“It began when 12-year-old Marthe encountered a ‘tall’ paratrooper without a helmet or weapons who asked for shelter. Marthe went to the nearby home of her grandfather, seeking advice. The old man cautioned the girl. ‘We will all be shot,’ he warned her.”
By Stephen G. Rabe
WHAT HAPPENED between June 6 and June 16, 1944 in Graignes, Normandy, a village of 900 people situated about six miles south of the port town of Carentan, is one of the more amazing (yet forgotten) chapters of Operation Overlord.
Graignes’ curious part of the story began at 2:38 a.m. on D-Day. That’s when a formation of Allied C-47 transport planes dropped nine “sticks” of paratroopers from the 82nd Airborne and one stick from the 101st Airborne into the marshes or marais near Graignes. It was not the intended drop zone; the paratroopers, many from the 507th Parachute Infantry Regiment, were more than 20 miles off-target.

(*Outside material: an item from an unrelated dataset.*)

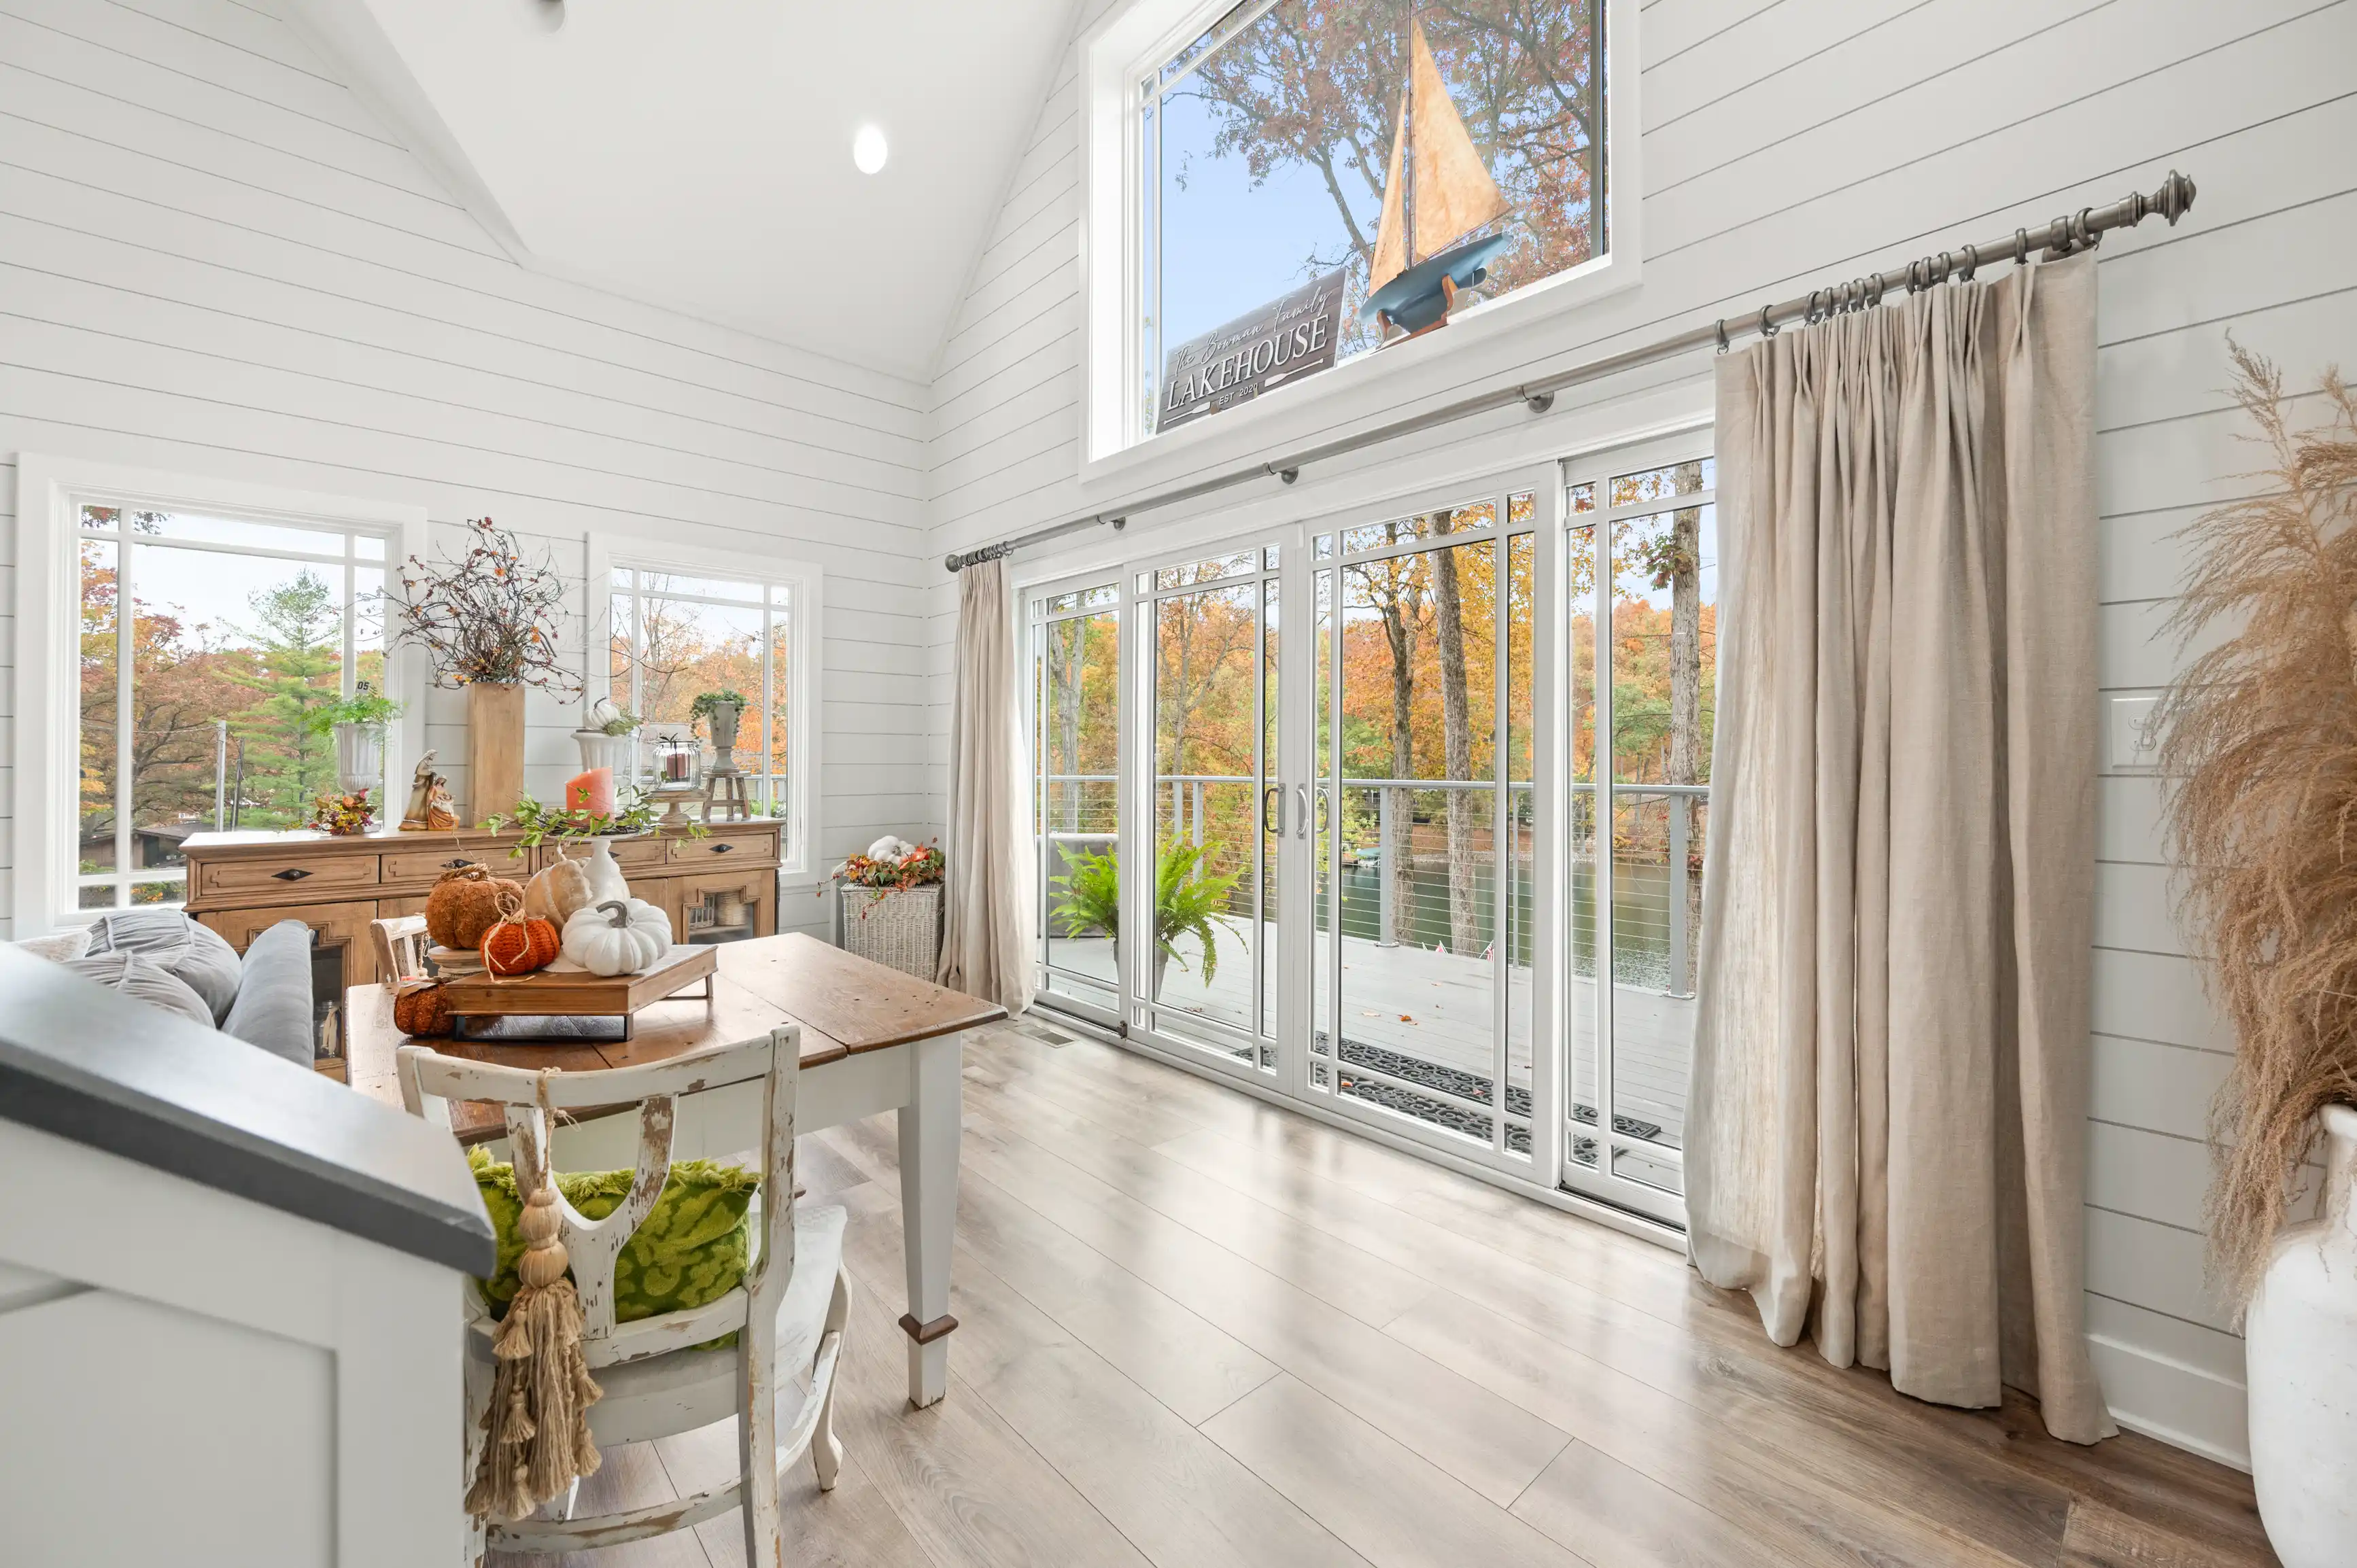 Bright and airy sunroom with shiplap walls and hardwood floors, tastefully decorated with autumn decor, featuring a view of trees with fall foliage through large glass doors.

Despite being far from where they were supposed to be, the ranking officer on the ground gathered what men he could find and opted to defend the unoccupied village and wait for the infantry soon to be pushing inland from Omaha Beach. The villagers in Graignes were overjoyed by the decision. Many waded into the marais to retrieve the paratroopers’ equipment, while gathering intelligence and carrying out their own impromptu reconnaissance of the surrounding area.
The women of the village launched a round-the-clock cooking campaign to feed their liberators, who now numbered about 165 uniformed personnel. Since food was scarce, many slipped into nearby towns to forage – a risky undertaking considering the battle for Normandy was now underway and enemy soldiers might very well have mistaken them for spies or the French underground.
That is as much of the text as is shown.